The Costanza theory in everyday lifeSteve Hammer

Last week was not a good week for me. It was one of those weeks where everything I did seemed to be wrong. I tried to get a story done, only to find out that a writer working for me had already done it. I worked for hours to track down a source, only to find that it was exactly the wrong source. We all could benefit a little from the Costanza Theory.

I planned my week around Monday night's Fever game, only to realize that it was scheduled for Tuesday all along. I bought a gift for someone but it was one size too large.

What does one do under such circumstances?
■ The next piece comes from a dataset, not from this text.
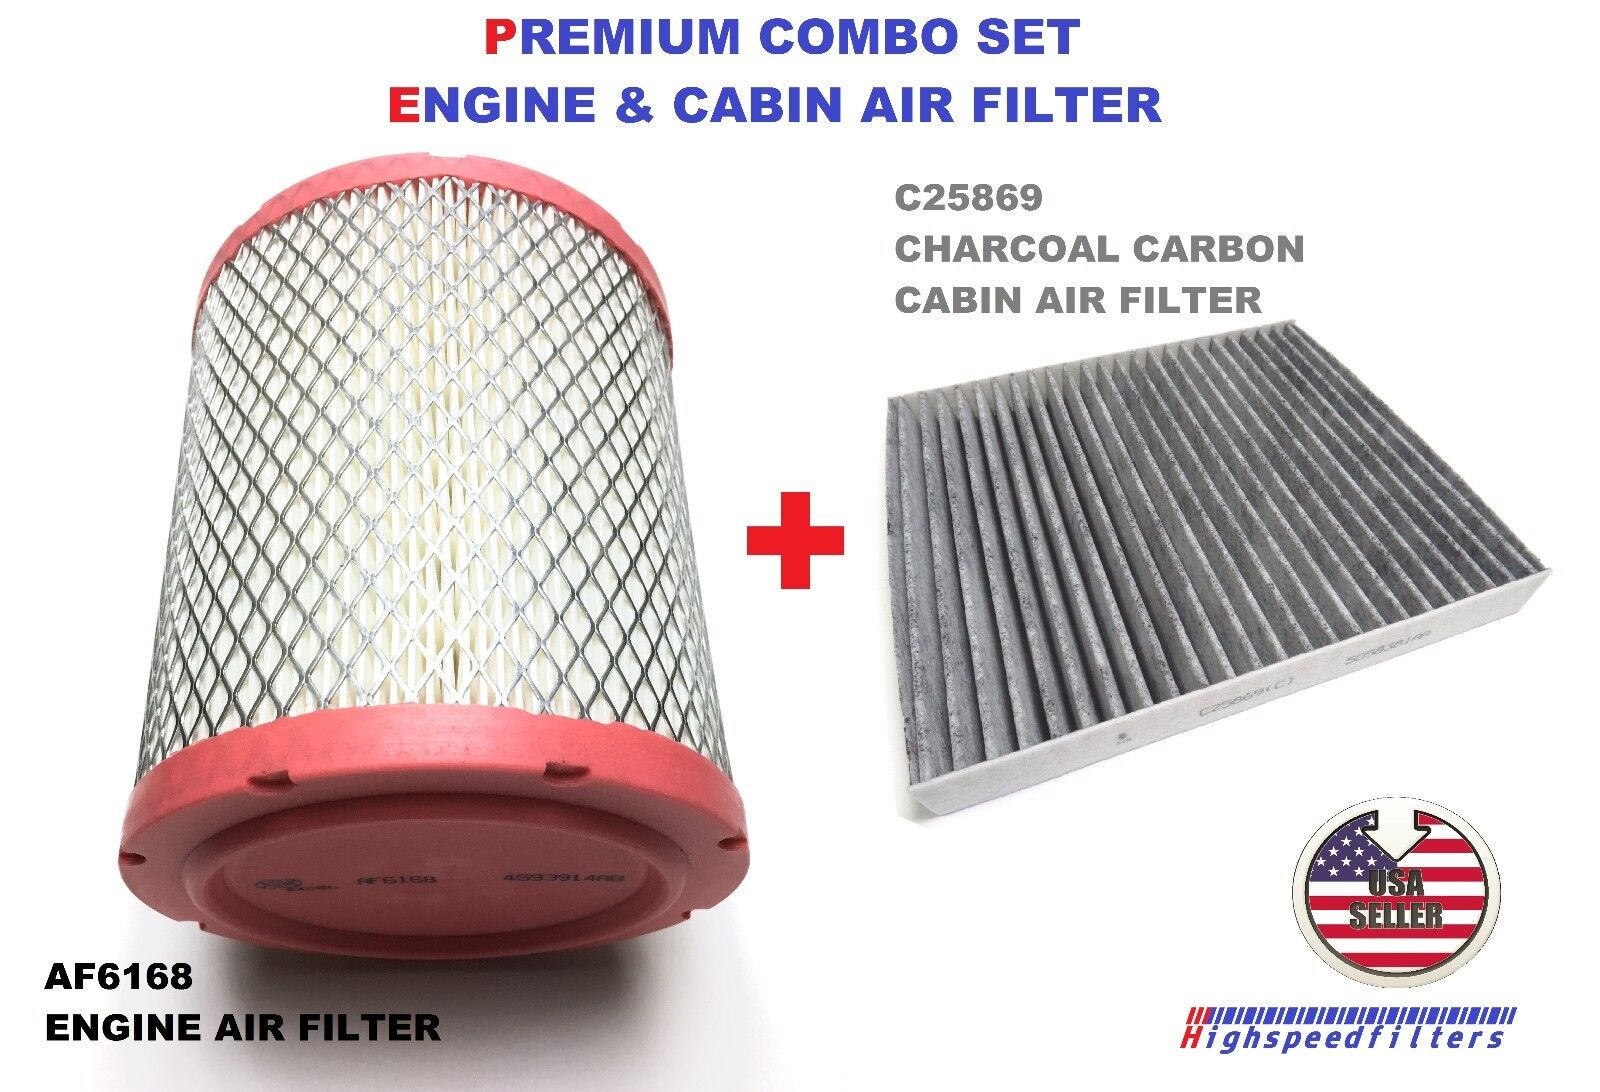 AF6168 C25869 ENGINE & CHARCOAL CABIN AIR FILTER COMBO FOR JEEP COMPASS PATRIOT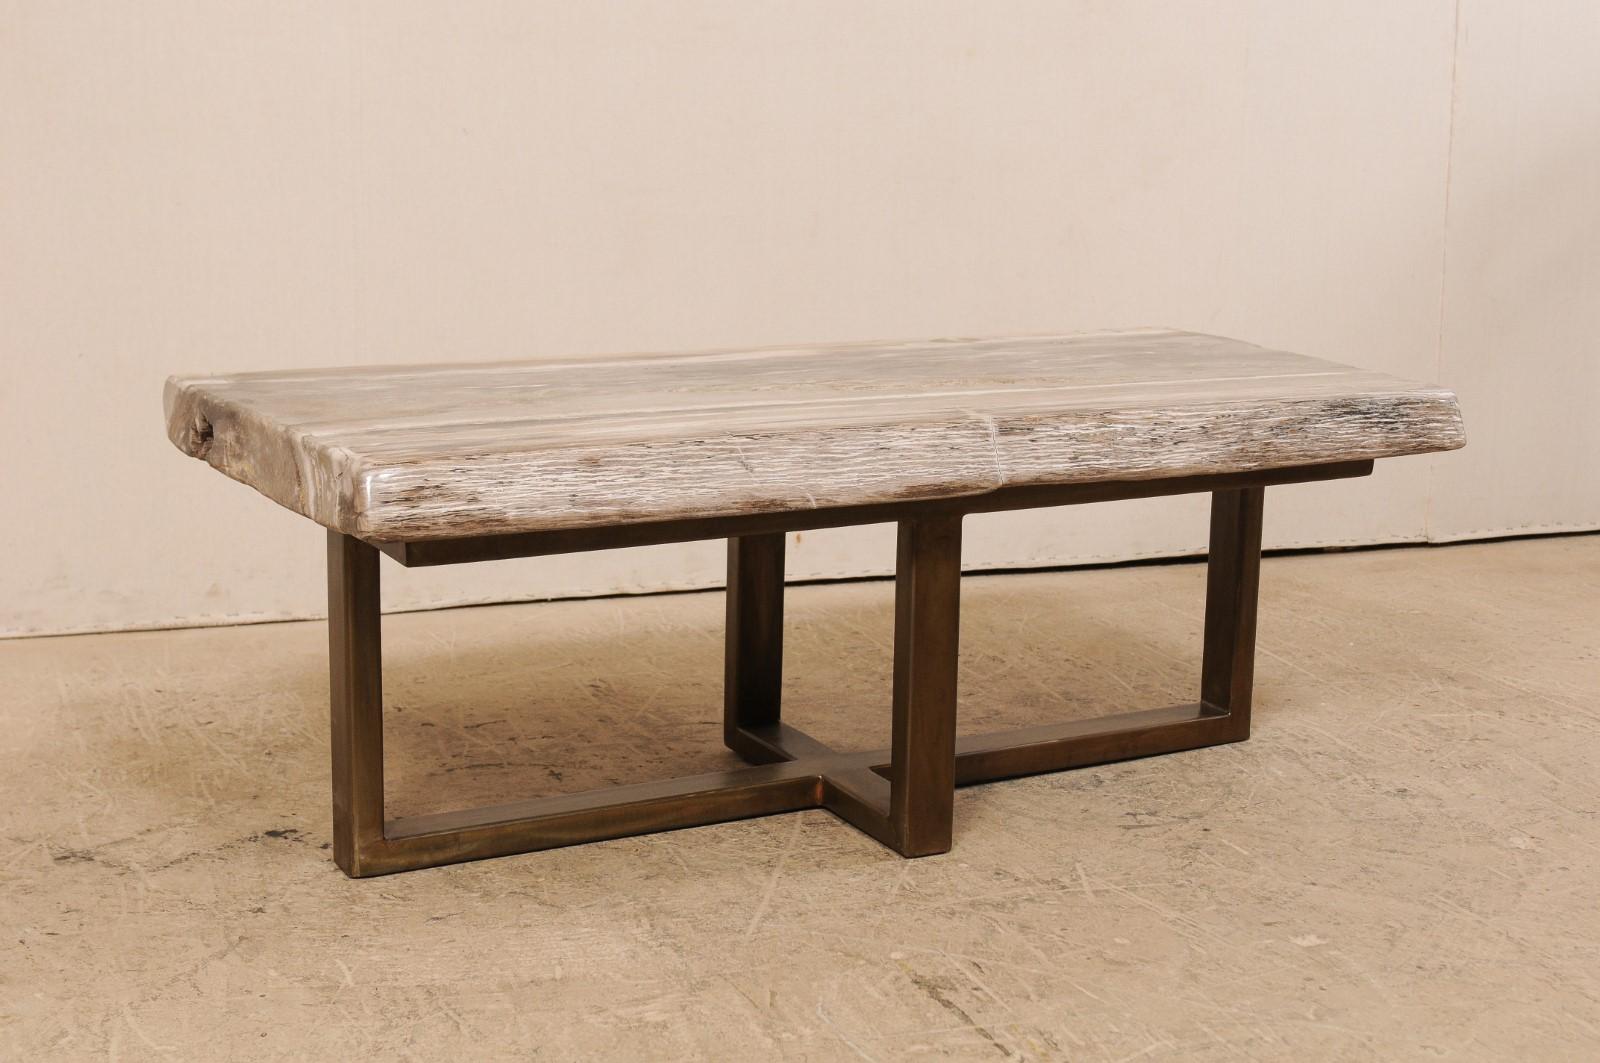 A petrified wood top modernly designed coffee table (or bench). This custom coffee table has been fashioned from a gorgeous single thick slab of smoothly polished petrified wood. This petrified wood top, with is soothing grey and white palette, is

I thought back to that classic Seinfeld episode where George Costanza found himself in the same predicament.

"Every decision I've ever made, in my entire life, has been wrong," he said while sitting at the coffee shop. "My life is the complete opposite of everything I want it to be."

So he decides to do the opposite of what his instinct tells him to do. He approaches a woman with the line "I'm unemployed and I live with my parents," and it works. He insults a prospective employer and lands the job.

Sometimes, doing the opposite of what you're inclined to do is the perfect solution. For example, the air conditioning unit in my apartment died last week, coinciding with the 90 degree weather.

Understand that I live in the worst apartment complex in the world. The only thing they do in a timely fashion is remind you when your rent is due.

Usually, when I call them with a problem, I'm very meek. "Um, the water is out in my apartment," I'll say, and the person would vow to get to the bottom of the problem. I'd have water five days later.

So I call the apartment complex. "Can you tell me when they'll come fix my air?" I ask.

"Sir, they have several runs to make. They don't report back to us, so I can't give you an answer," the woman says.

"When is the rent due?" I ask.

"The third."

"Well, I have a lot of bills to pay," I say. "I'm not sure when I can give you the money. Tell you what. I'll drop by the office and get the corporate credit card and rent a hotel room until you guys decide to fix my air. Just deduct it from my rent."

As of NUVO press time, the situation still hadn't been resolved. If it wasn't for legal implications, I'd call them out by name and urge a worldwide boycott of these hosers. But at least I felt better after doing the opposite of what I'd normally do.

The Costanza Theory could work for other people as well. As you may know, Supreme Court Justice Sandra Day O'Connor announced her retirement last week. Since everyone expects the president to name a Gestapo member as her replacement, why not do the opposite and name a liberal to the court?

Start with Bill Clinton and work your way down the list, Mr. President. Maybe John Kerry would be a good choice. You could pick Hillary as a justice; that'd keep her out of the White House permanently. And since she's been investigated about 100 times, her nomination would go through the Senate quickly.

If the president really wanted to apply the Costanza Theory, he could start by telling the truth to the American people.

He could call a press conference and say, "You know what? I planned the war in Iraq before I was even elected. But I had no idea that it would go this badly. We're stuck now, so we better prepare to be there for the next 50 years."

He could add, "I just figured that if I said 9/11 and Saddam enough in the same sentence, people would start believing me. It worked for a hot minute, but I've drained that well dry. The truth is, I have no idea what to do about Iraq now. Anyone got any ideas?"

His approval ratings would go up about 30 points overnight. He'd go down in history as the first truthful president since Eisenhower.

We all could benefit a little from the Costanza Theory.


I talked with The Indy Star's Bob Kravitz for the first time last week. I've ripped him in print for a few years but had never spoken to him until NBA Draft Night at Conseco Fieldhouse. Turns out he doesn't have any visible fangs or horns and he seems to be a nice guy.

He was a little peeved that I picked on him a few weeks back about a question-and-answer segment he did for The Star's online product. I mistakenly said the material had appeared in print, when in truth it only appeared on their Web site. I haven't picked up a copy of the paper in about a year, so I didn't know the difference.

He said there are a million different things I could've mocked him about, but the Q-and-A thing wasn't one. I agree. I apologize to Mr. Kravitz and look forward to making fun of him in the future.